85 In that context, the fact that "Private and Confidential" appeared at the head of each Memo would not have carried much weight and would likely have been objectively understood as a hangover from a prior use of the Memo. Such an impression would likely have been reinforced by the fact (which I would infer from the failure of the applicants to tender the covering letter) that the covering letter with which the Insurer's EA Report was provided said nothing about either confidentiality or privilege. At best, the designation "Private and Confidential" would have been objectively understood as intending that the information not be used for a purpose extraneous to the purposes for which it was provided.
86 In the light of all those facts and circumstances, Mr Marquet's subjective opinion that he expected that the Insurer would maintain confidentiality and privilege "consistent with their duty of utmost good faith" is a subjective view of little significance. I should add that beyond making a submission to the same effect, the applicants did not develop that argument at all. In circumstances where the proper law of the Policy is arguably the law of New Zealand, I do not even know whether the applicants' reliance on the duty of good faith is sourced in the Insurance Contracts Act 1984 (Cth), the common law of Australia or a particular law of New Zealand. In any event, it is difficult to envisage that a duty of utmost good faith could extend to preclude an Insurer from pursuing its legitimate purposes under a policy of insurance, including by using information provided by an insured to assess and/or resist a claim upon the policy.
87 The applicants also contended, in the alternative, that there was a common interest privilege between ILNZ and the Insurer and that no waiver occurred when privileged information was shared between them.

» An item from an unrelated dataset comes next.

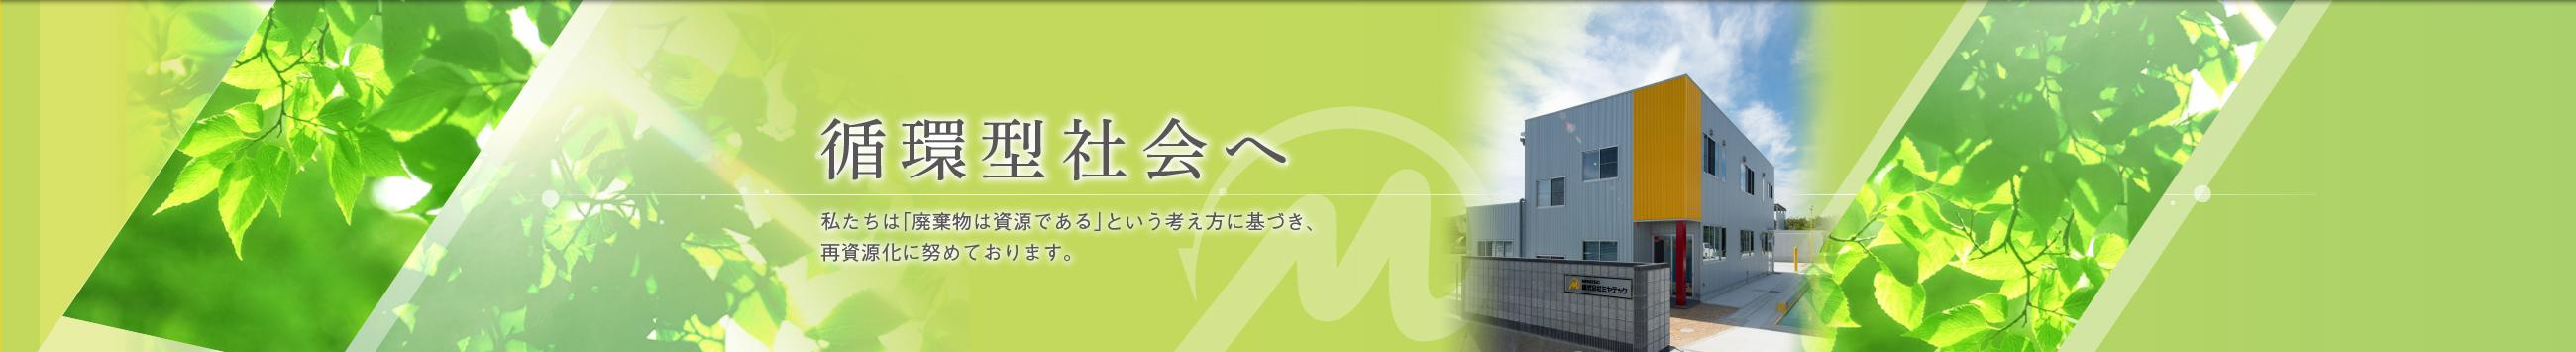 産業廃棄物処理・解体工事・清掃・リサイクル買取は三重県松阪市のミヤテックへ

The applicants relied upon the same alleged common interests as those relied upon for the primary contention, identified at [72].
88 This alternative contention must fail. For the reasons already given, I am not satisfied that ILNZ and the Insurer shared a sufficient commonality of interest let alone the necessary identity of interest required to found the privilege contended for. As, Giles J said in Ampolex Ltd v Perpetual Trustee Co (Canberra) Ltd (1995) 37 NSWLR 405 (at 6):
[w]hat is important is that, as Bank of Nova Scotia v Hellenic Mutual War Risks Association (Bermuda) Ltd and Network Ten itself show, two persons interested in a particular question will not have a common interest for the purposes of the common interest privilege if their individual interests in the question are selfish and potentially adverse to each other. In such a case there will not be the necessary identity of interest.